The back-and-forth method for Wasserstein gradient flows

This page illustrates the method proposed in (Jacobs et al., 2021). The back-and-forth method was initially introduced to compute optimal transport maps (Jacobs & Léger, 2020), and it can be generalized to compute Wasserstein gradient flows, via the JKO scheme (Jordan et al., 1998). This allows to efficiently solve PDEs of the type

\[\begin{align*} \partial_t\rho - \mathrm{div}(\rho\nabla\phi) = 0, \\ \phi = \delta U(\rho), \end{align*}\]
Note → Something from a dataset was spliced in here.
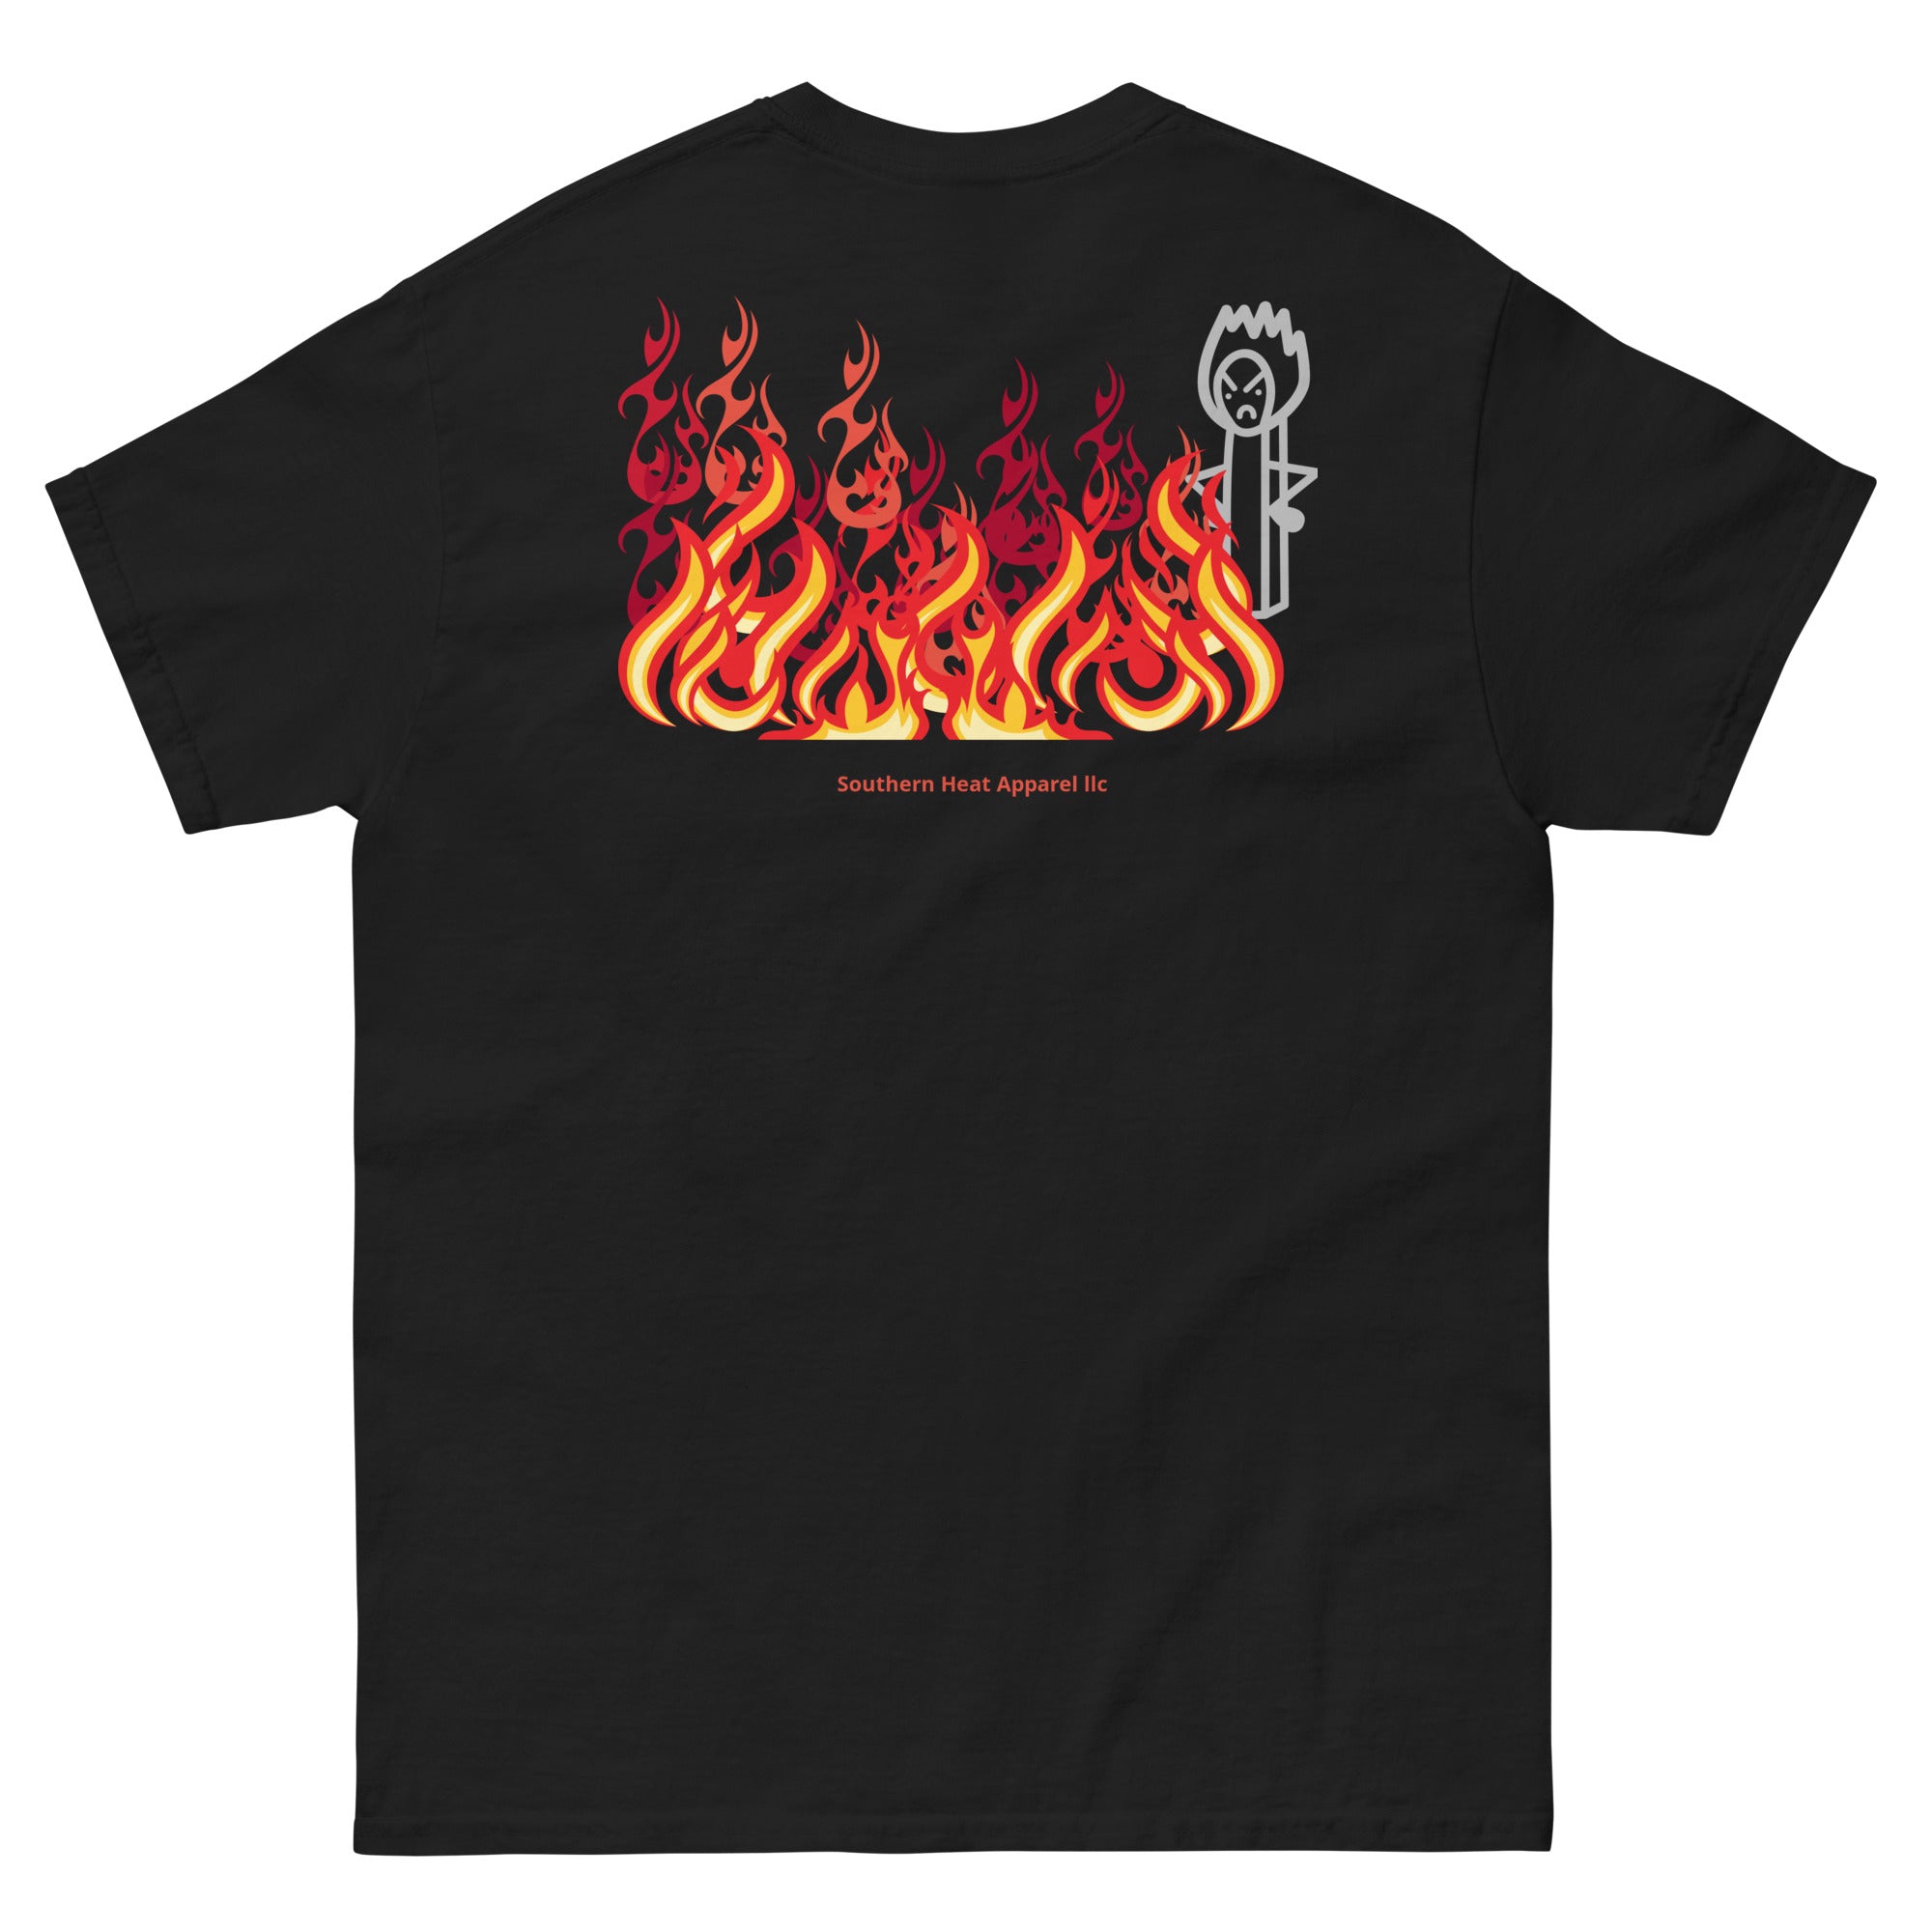 Angry Match-Men's classic tee

for a large class of interesting energies $U(\rho)$. We consider the following energies:

  • (The porous medium equation) Slow diffusion energies $$ U(\rho) = \int_{\mathbb{R}^d} u_m(\rho(x)) + V(x)\,dx, $$ where $u_m(\rho) = \gamma \rho(x)^m$ for $m>1$ and $\gamma>0$. Here $V\colon\mathbb{R}^d\to[0,\infty]$ is a potential function.
  • (The incompressible limit) Congestion energies $$ U(\rho) = \int_{\mathbb{R}^d} u_{\infty}(\rho(x)) + V(x)\,dx, $$ where $u_\infty(\rho)=0$ if $0\le \rho \le 1$ and $\infty$ otherwise.
  • (An aggregation-diffusion equation) Convex-concave energies $$ U(\rho) = \int_{\mathbb{R}^d} u_m(\rho(x))\,dx + \iint_{\mathbb{R}^d\times \mathbb{R}^d} \lvert x-y\rvert^2\rho(x)\rho(y)\,dxdy. $$ Note that the first term in convex in $\rho$ while the second term is concave in $\rho$.

Code

The code used in the paper is available on GitHub. The documentation is available here.

Porous medium equation

The Wasserstein gradient flow of $U(\rho)=\int_{\mathbb{R}^d} u_m(\rho(x)) + V(x)\,dx$ is the advection slow diffusion equation \(\partial_t\rho +\mathrm{div}(\rho (-\nabla V))= \gamma\Delta \rho^m,\) together with Neumann boundary conditions and an initial condition $\rho(0,\cdot) = \rho_0$.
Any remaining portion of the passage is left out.